Collagen is the most prevalent protein in the human body,^1,2 and as part of the extracellular matrix (ECM), it plays an important role in regulation of cell behavior.³ For type I fibrillar collagen, properties such as alignment, structural organization, and polarization response have been shown to affect and/or depend on tumor progression,⁴ bone development,⁵ aging, and wound healing.⁶ It has even been suggested that part of the embedding ground matrix having little fiber content (called the extrafibrillar matrix or EFM) affects degeneration remodeling⁷ and mechanical behavior.⁸ Hence, quantification of collagen and the surrounding EFM plus cell (EFMC) properties can provide a framework for objective assessment of tissues, and for more accurately monitoring sensitive changes.^9–11

Second-harmonic generation (SHG) microscopy is a prevalent fibrillar collagen-imaging modality on which quantitative techniques have been applied.^12–14 SHG microscopy is useful due to its specificity to the noncentrosymmetric structure of collagen, and the technique’s optical sectioning and label-free capabilities.¹⁵ An example of a quantitative approach employed on SHG is the forward-to-backward SHG measurement, which has been used as a potential marker for tendon hydration levels.¹⁶ Also, Fourier-transform SHG has been used to quantify two-dimensional (2-D)^17,18 and three-dimensional (3-D)¹⁹ collagen fiber spatial organization in tendon.

Quantification of the polarization properties of light scattered from tissues has been exploited as a means to assess collagen.^20–22 A polarization-based technique able to implement quantitative measures is polarized light microscopy (PLM).^23,24 PLM leverages the birefringent properties of collagen to increase image contrast, and measure fibril orientation and parallelism.^25,26 For example, quantitative PLM has been used to measure collagen anisotropy in sheep tendon.²⁷ However, PLM is limited to 2-D analysis.

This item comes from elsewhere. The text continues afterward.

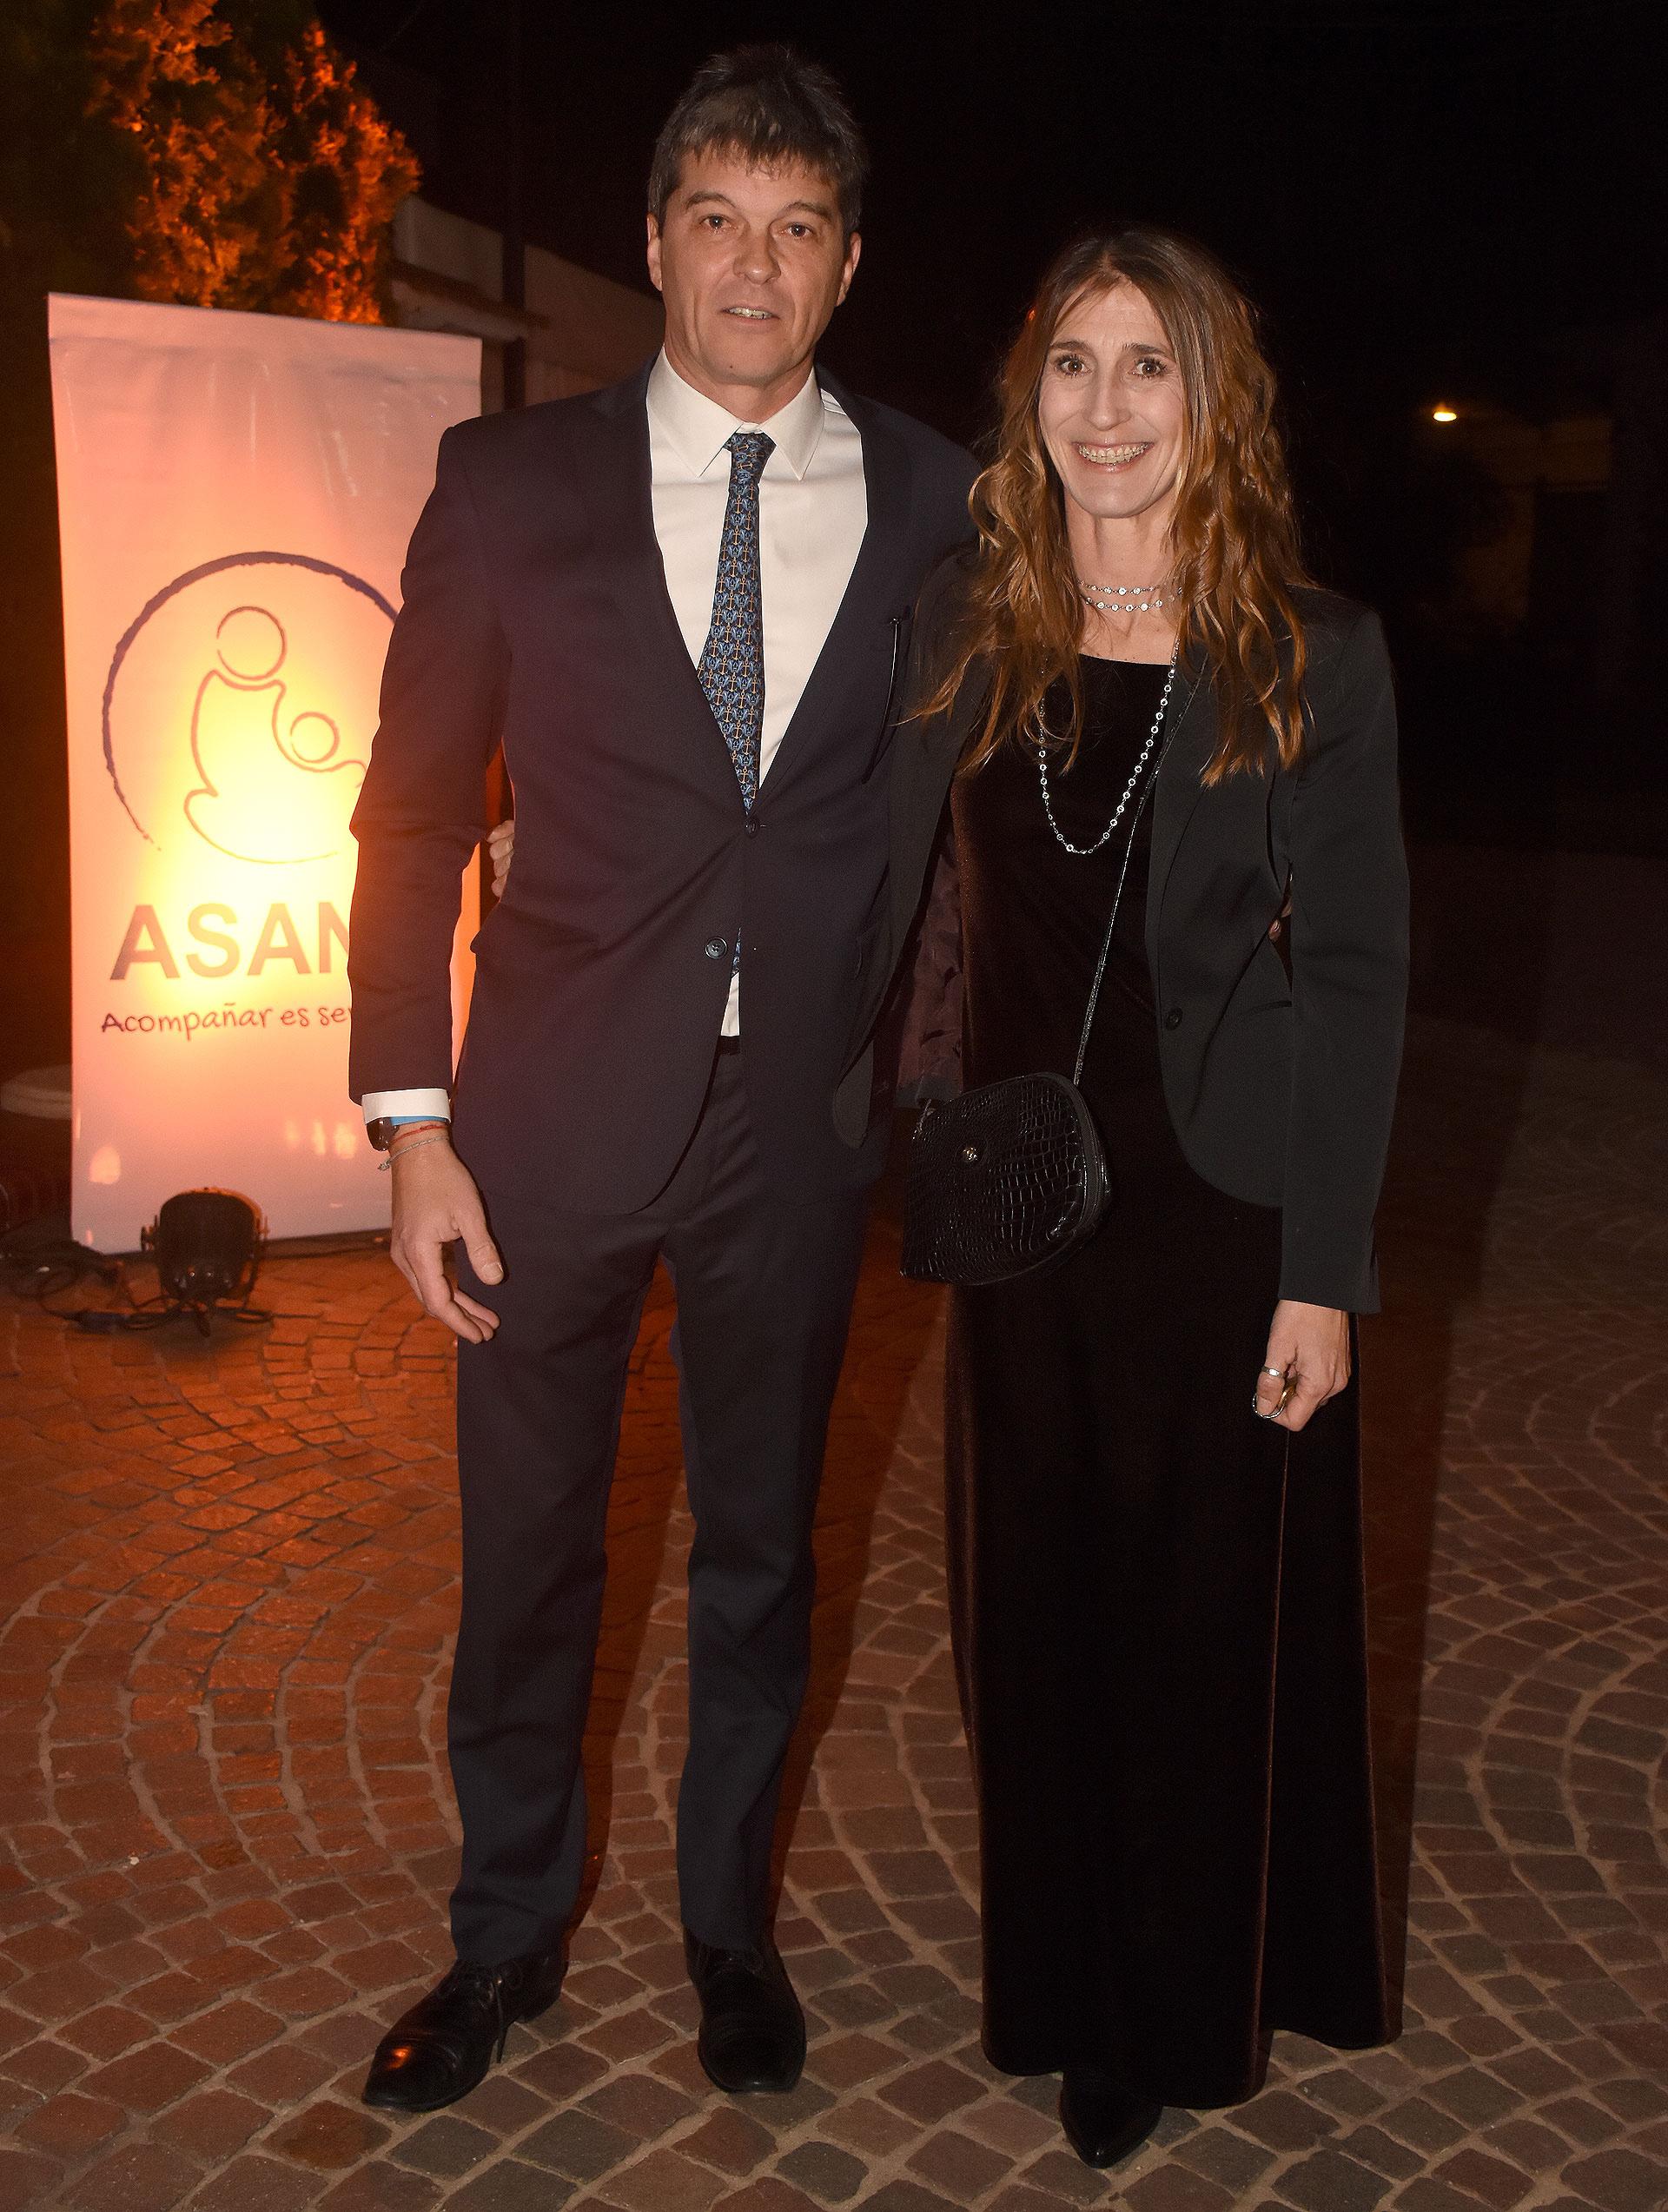 El presidente de ASANA, Christian Frers, junto a su hermana Mercedes, en la cena anual a beneficio de la entidad que ayuda a jóvenes y adultos (a partir de los 18 años) con discapacidad mental severa

Another group of polarization-based approaches for characterizing collagen invokes the derivation of the second-order polarization susceptibility $\mathbf{M}=(\begin{array}{cccc}{\mathbf{S}}_{\mathrm{o}1}& {\mathbf{S}}_{\mathrm{o}2}& {\mathbf{S}}_{\mathrm{o}3}& {\mathbf{S}}_{\mathrm{o}4}\end{array}){(\begin{array}{cccc}{\mathbf{S}}_{\mathrm{i}1}& {\mathbf{S}}_{\mathrm{i}2}& {\mathbf{S}}_{\mathrm{i}3}& {\mathbf{S}}_{\mathrm{i}4}\end{array})}^{-1}$ via its relation to the measured SHG intensity.^28–30 This approach has been employed in revealing significant differences in the susceptibility matrix elements between human melanoma tumor and comparable normal mouse skin tissue,²⁸ and for mapping anisotropy information in collagen–muscle junction of chicken wing.³¹ In another study, our group showed the potential of using normalized ${\chi }^{(2)}$ matrix elements to infer molecular differences in breast biopsy collagen samples.³⁰ One shortcoming of this method, however, is the need to assume a model crystallographic arrangement and subsequently fit the measured SHG signal data to this model.

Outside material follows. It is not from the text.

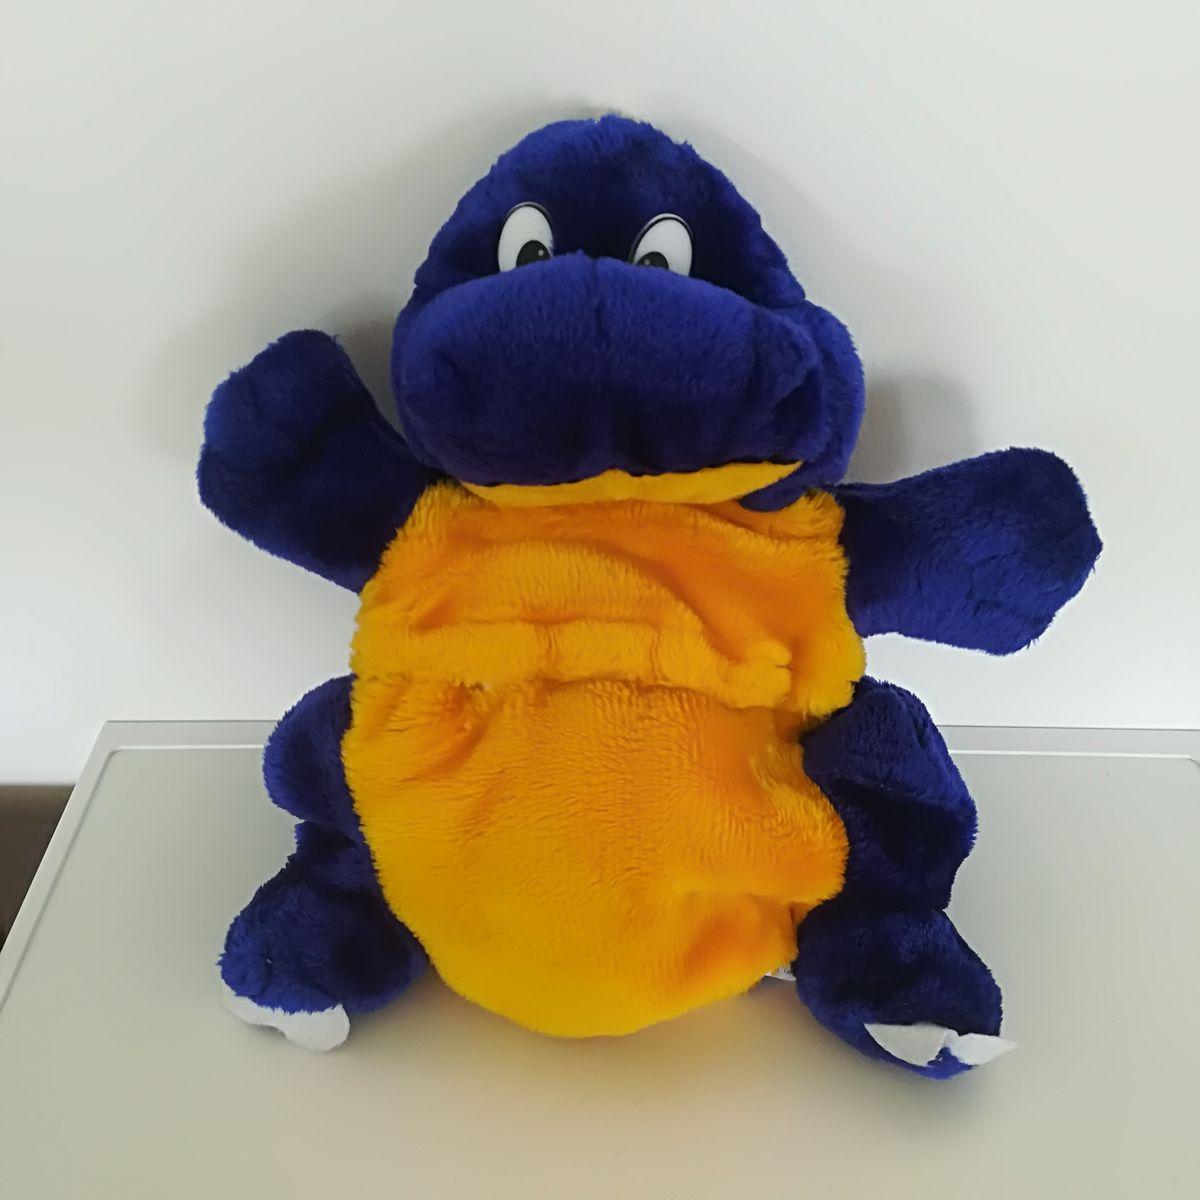 ... Kék sárga pakolható pocakú plüss dínó párna ... b182a2dacd

A more comprehensive polarization-based approach entails the use of Mueller matrix polarimetry. This technique invokes the rich and comprehensive Mueller matrix framework for characterization of acquired tissue images.³² The Mueller matrices can be decomposed to extract parameters that are representative of the polarization properties of the sample; a popular decomposition method is the Lu–Chipman Mueller matrix polar decomposition (MMPD).³³ The MMPD, which assumes multiplicative polarization effects in optical systems, has been applied to describe the polarization response of fibrillar collagen³⁴ and to identify differentiating features between healthy tissues and cancerous human basal cell carcinoma.³⁵ Our group also previously applied an adaptation of Mueller matrix polarimetry to SHG microscopy for assessment of collagenous porcine tissue.³⁶ Using this adaptation, based on a generalized Stokes–Mueller formalism^37–39 and particular to two-photon processes,^40,41 we derived a bimodal mean difference metric (${\mu }_{\mathrm{d}}$)—associated with the degree-of-polarization—which showed increasing variation in porcine tissue with sample thickness. A limitation of this second-order Mueller matrix theory is that the parameters are not as intuitive as the conventional polarimetry case, which is important for understanding the underlying tissue properties.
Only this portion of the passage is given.